Exactly the lines from the one holding "Dior Addict Lip" through the last line of the listing below must appear in the answer, and no pictures.

▶ _Given material_
^^^^^^^^
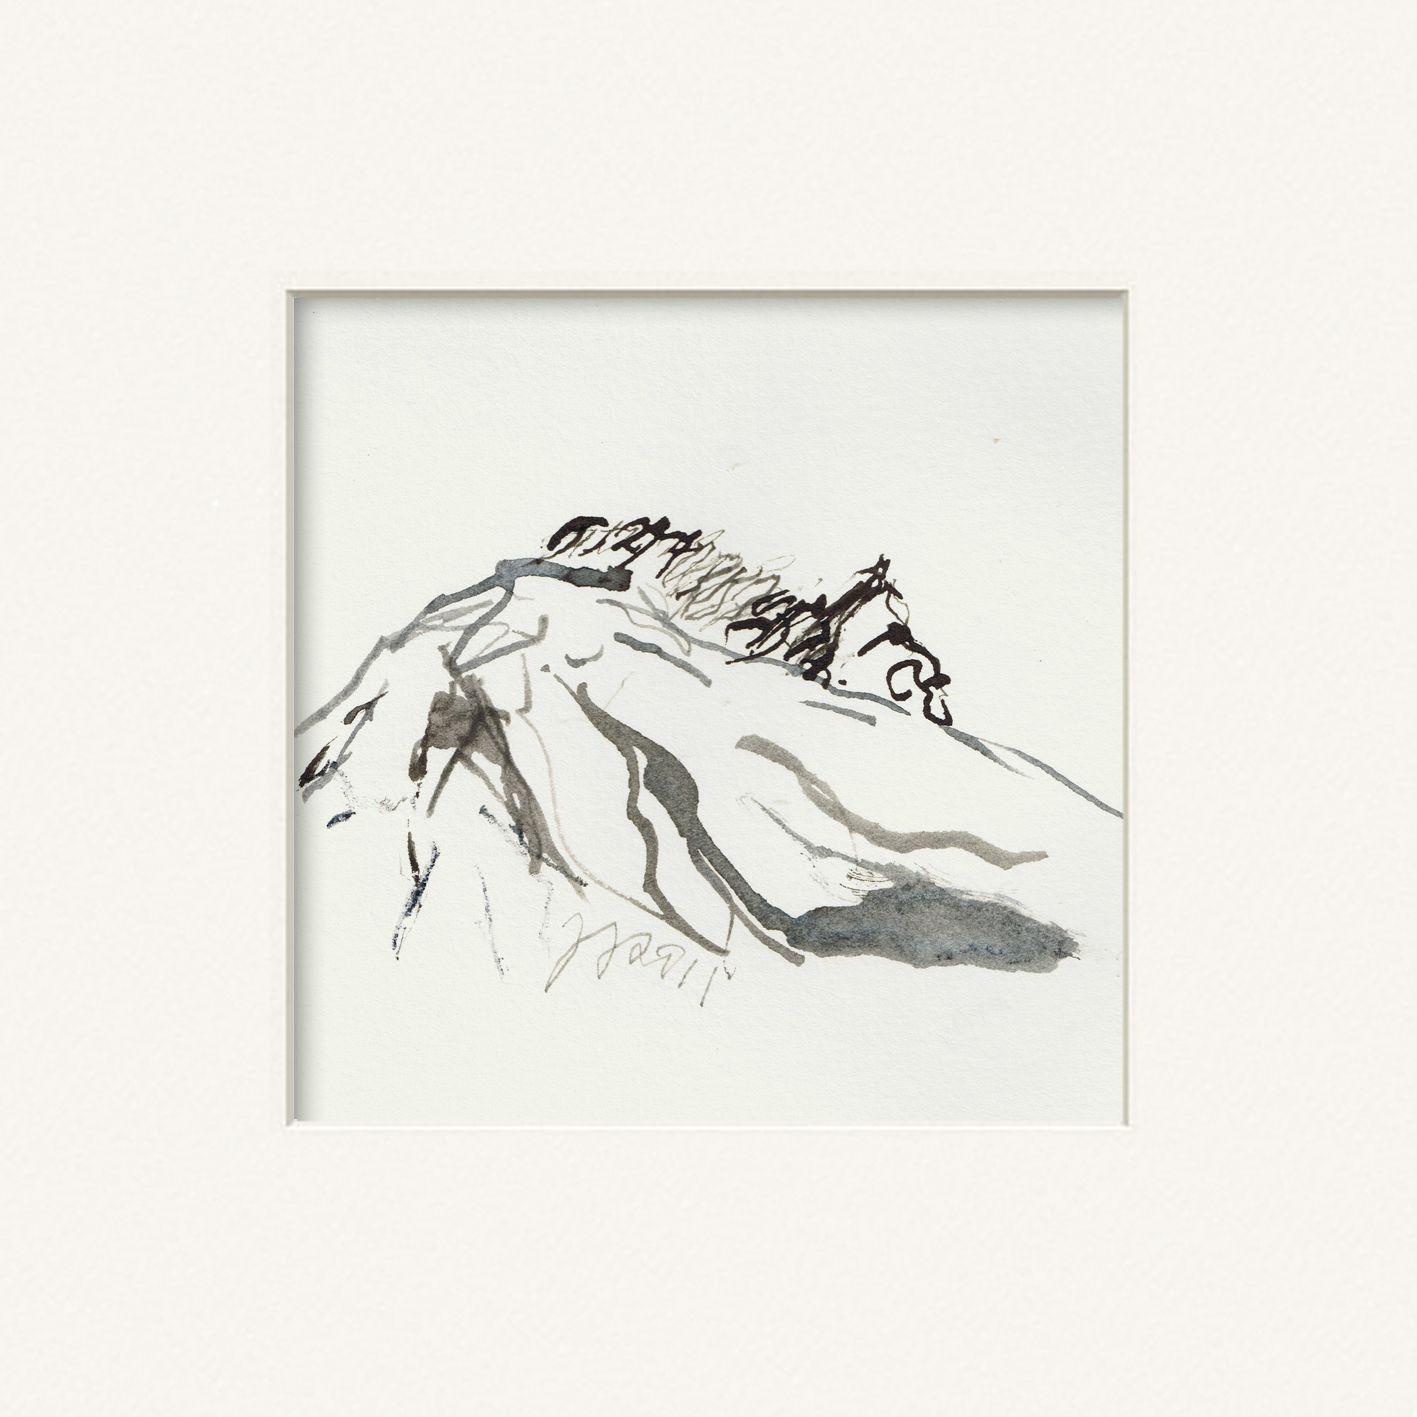 x201108201314Obere Wildgruben-Spitze
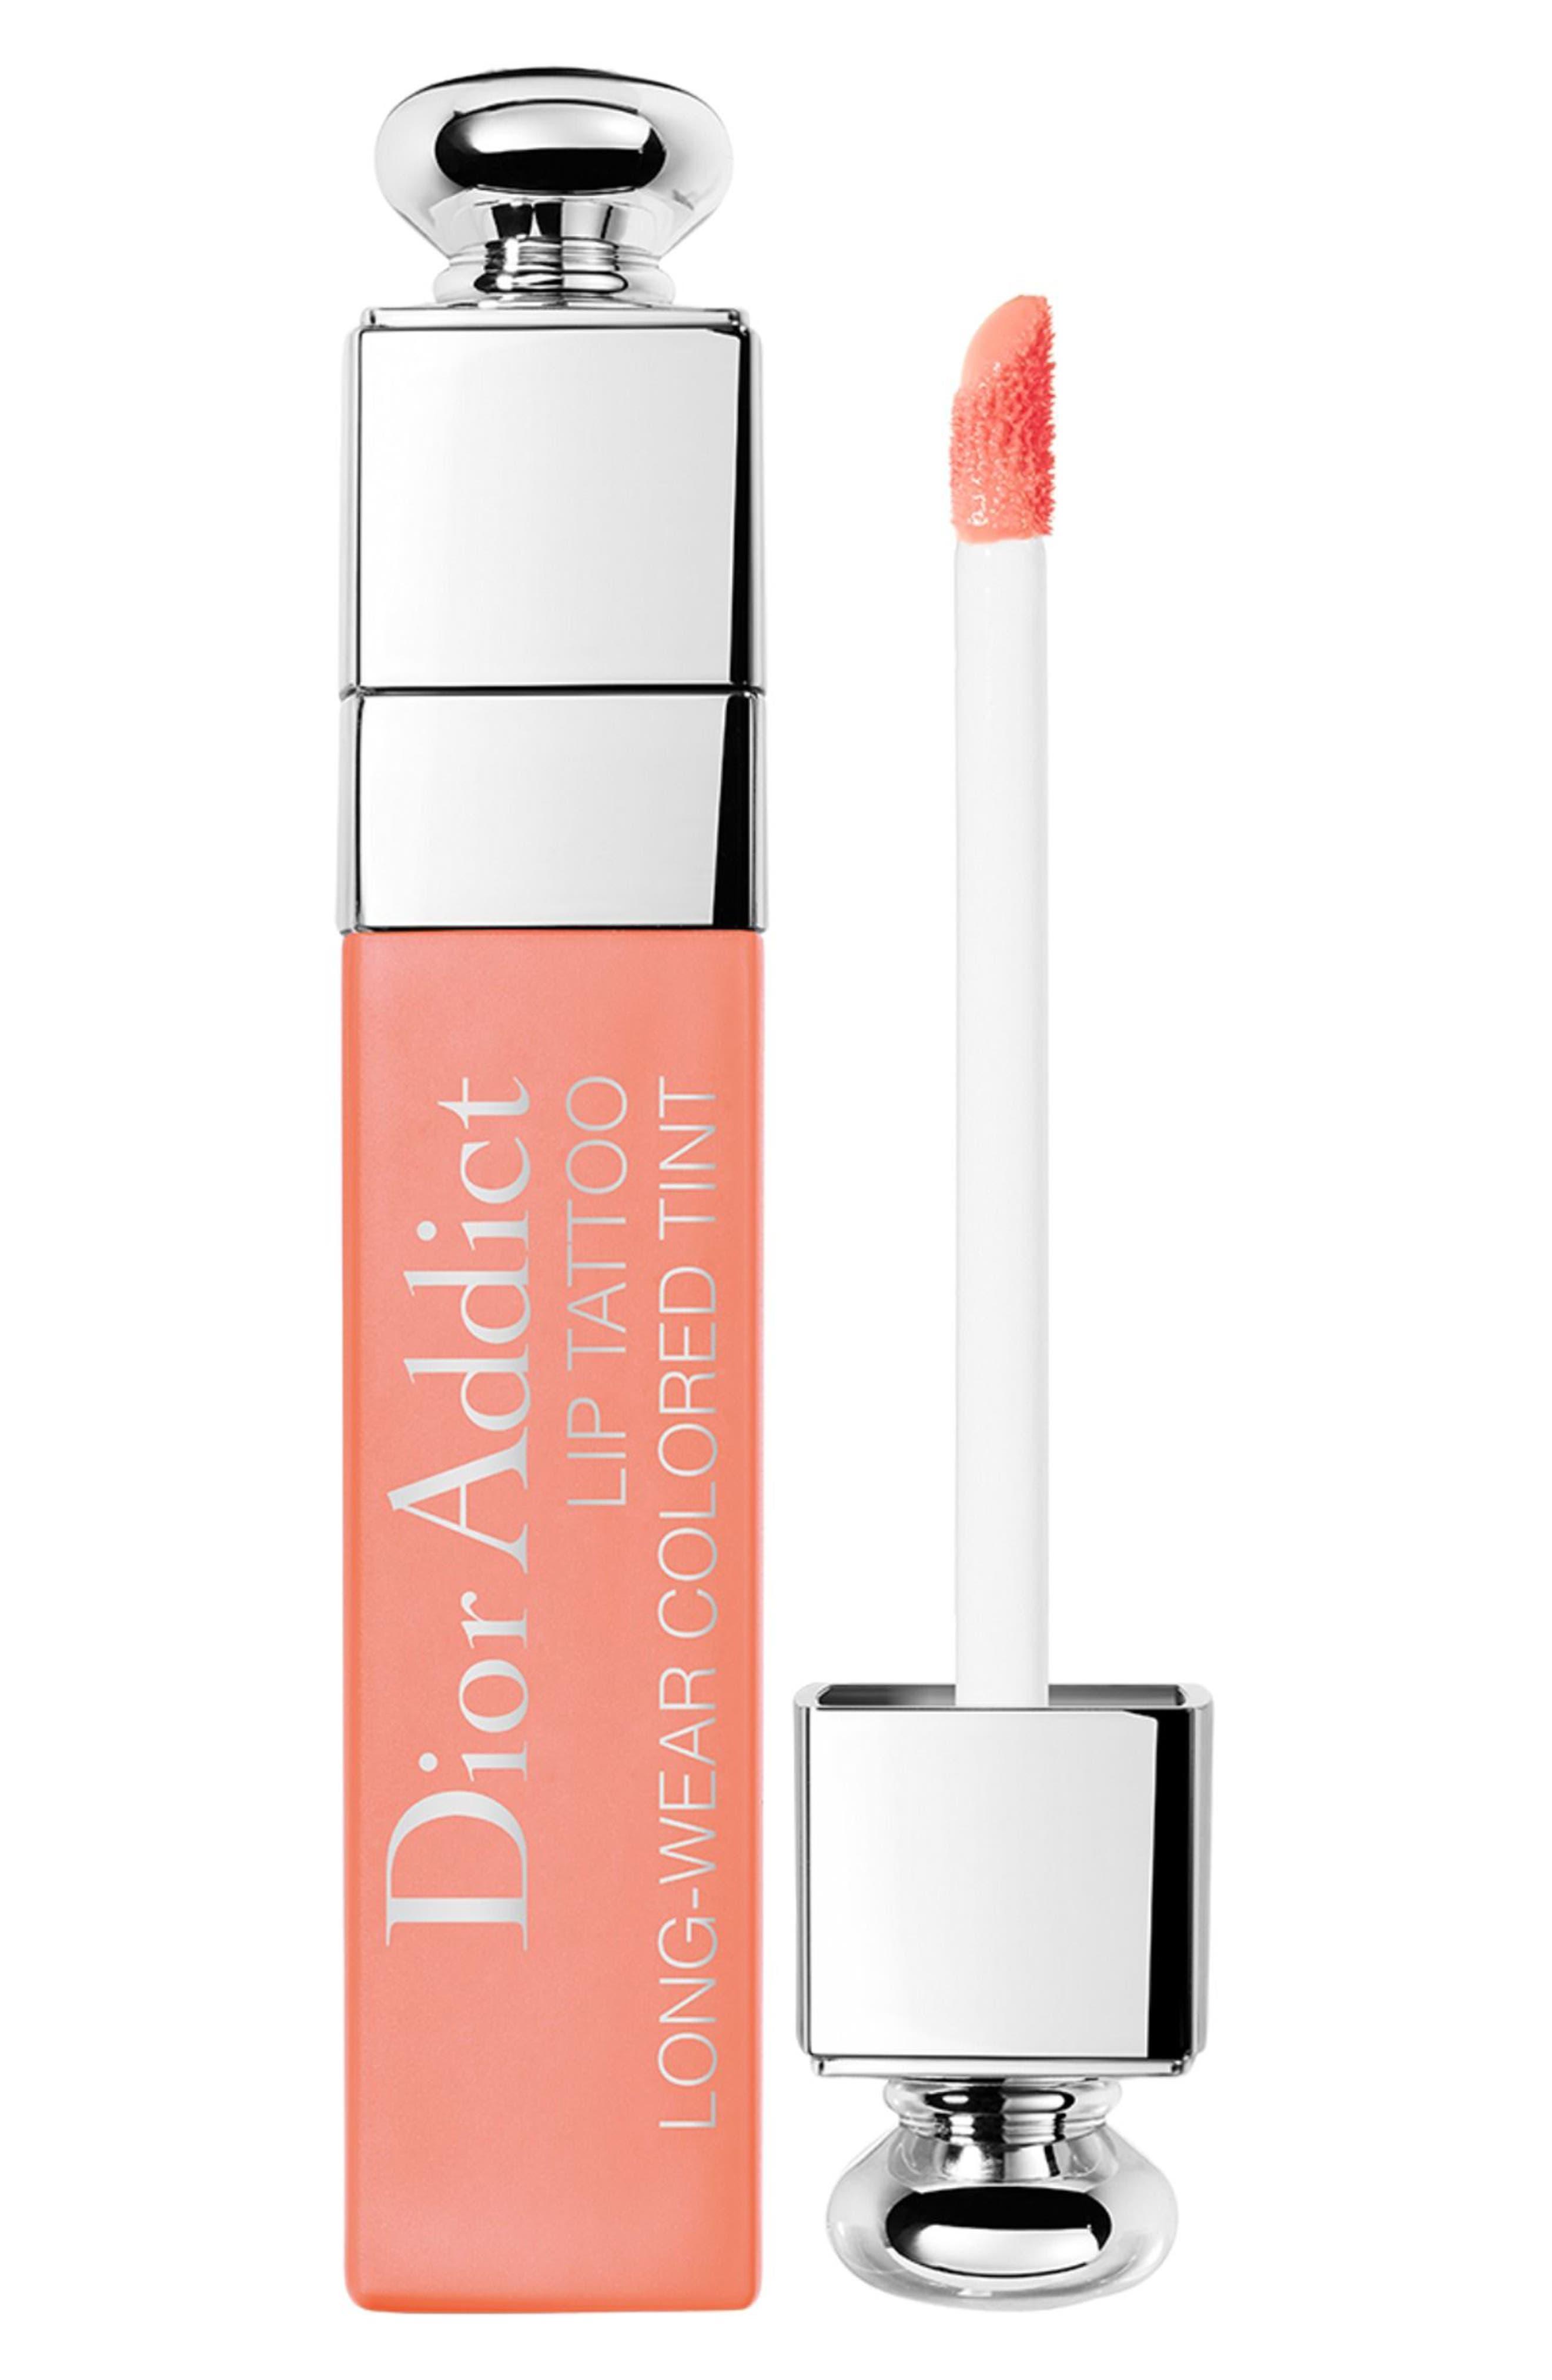 Dior Addict Lip Tattoo Color Juice Long-Wearing Color Tint - 341 Litchi
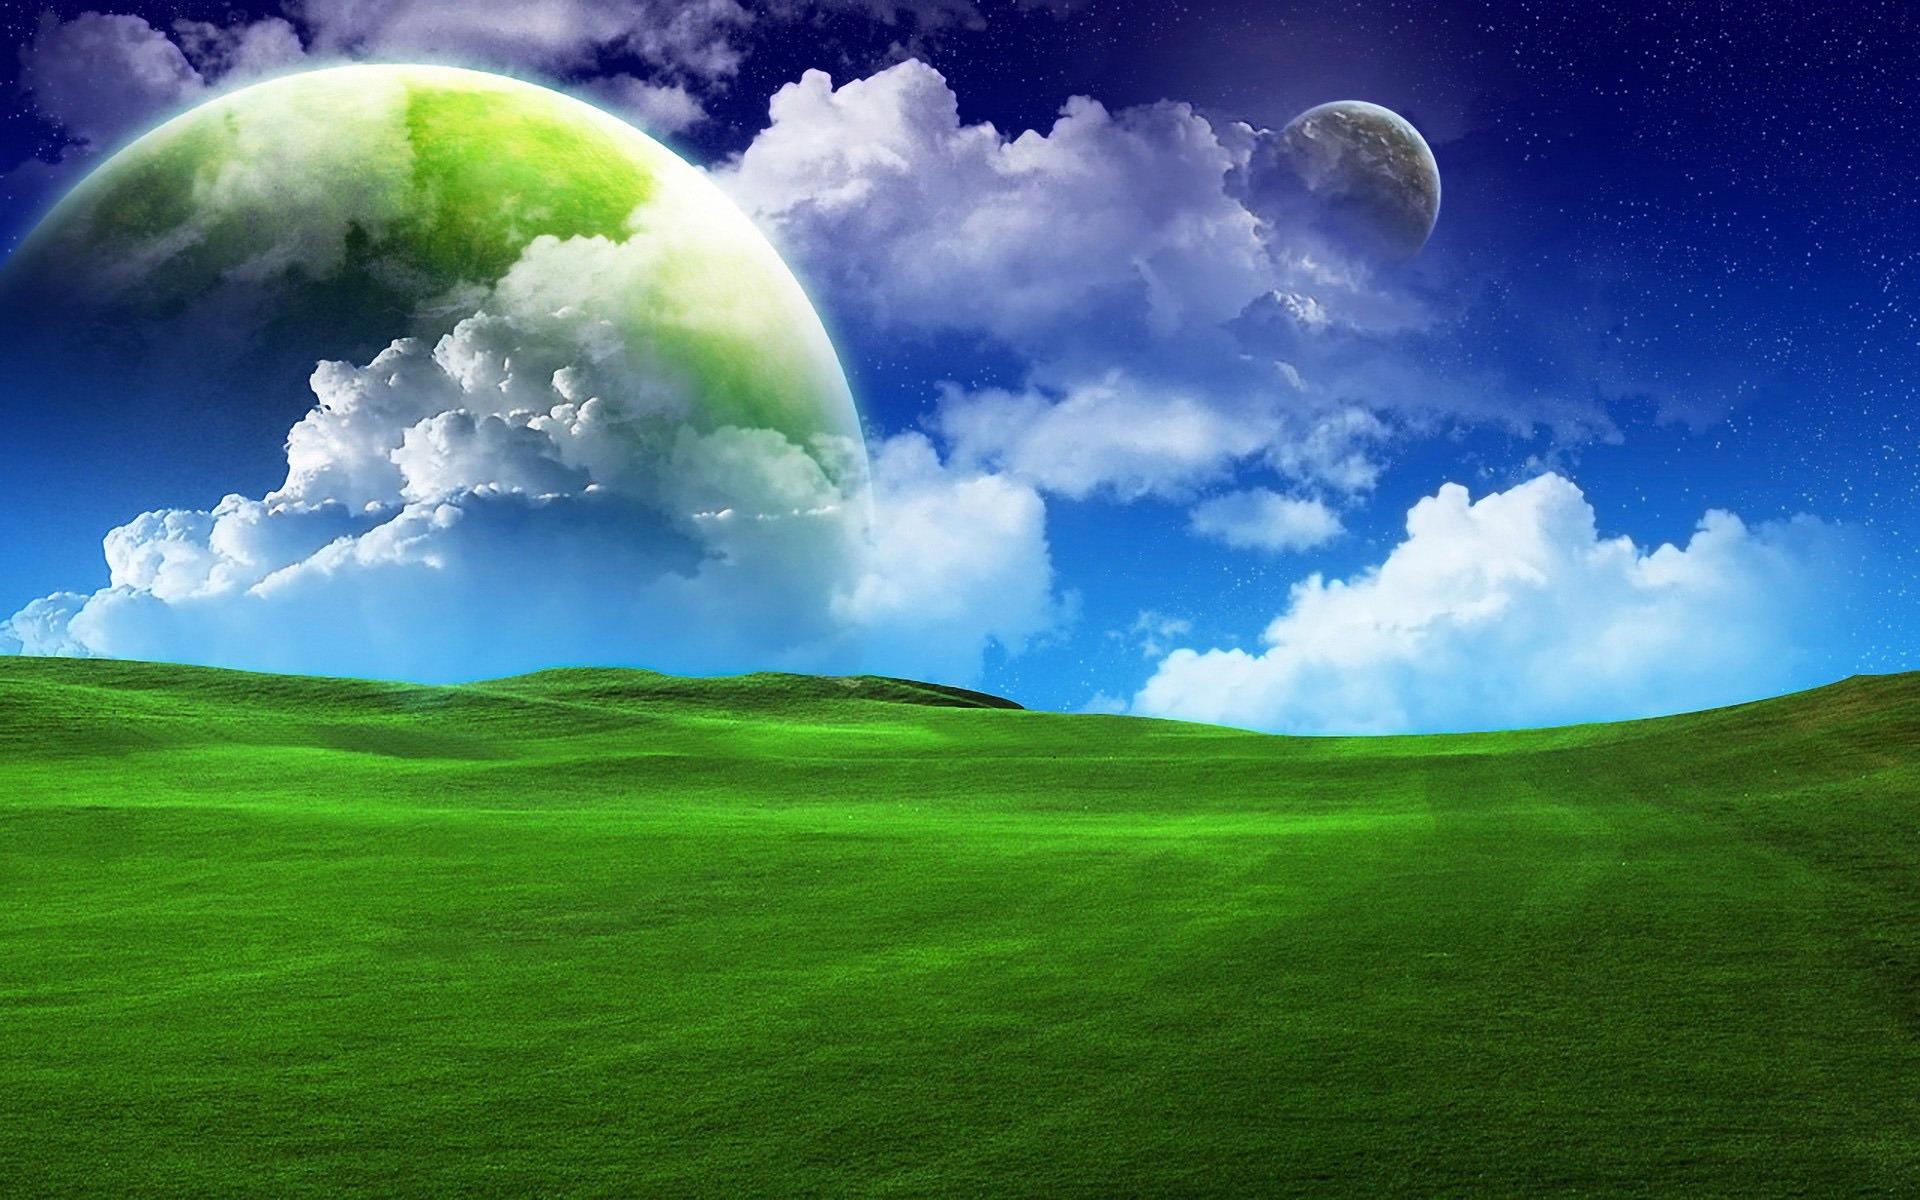 Utorrent free download for windows 10 desktop windows 7
^^^^^^^^
▶ _Expected answer_
 Dior Addict Lip Tattoo Color Juice Long-Wearing Color Tint - 341 Litchi
 Utorrent free download for windows 10 desktop windows 7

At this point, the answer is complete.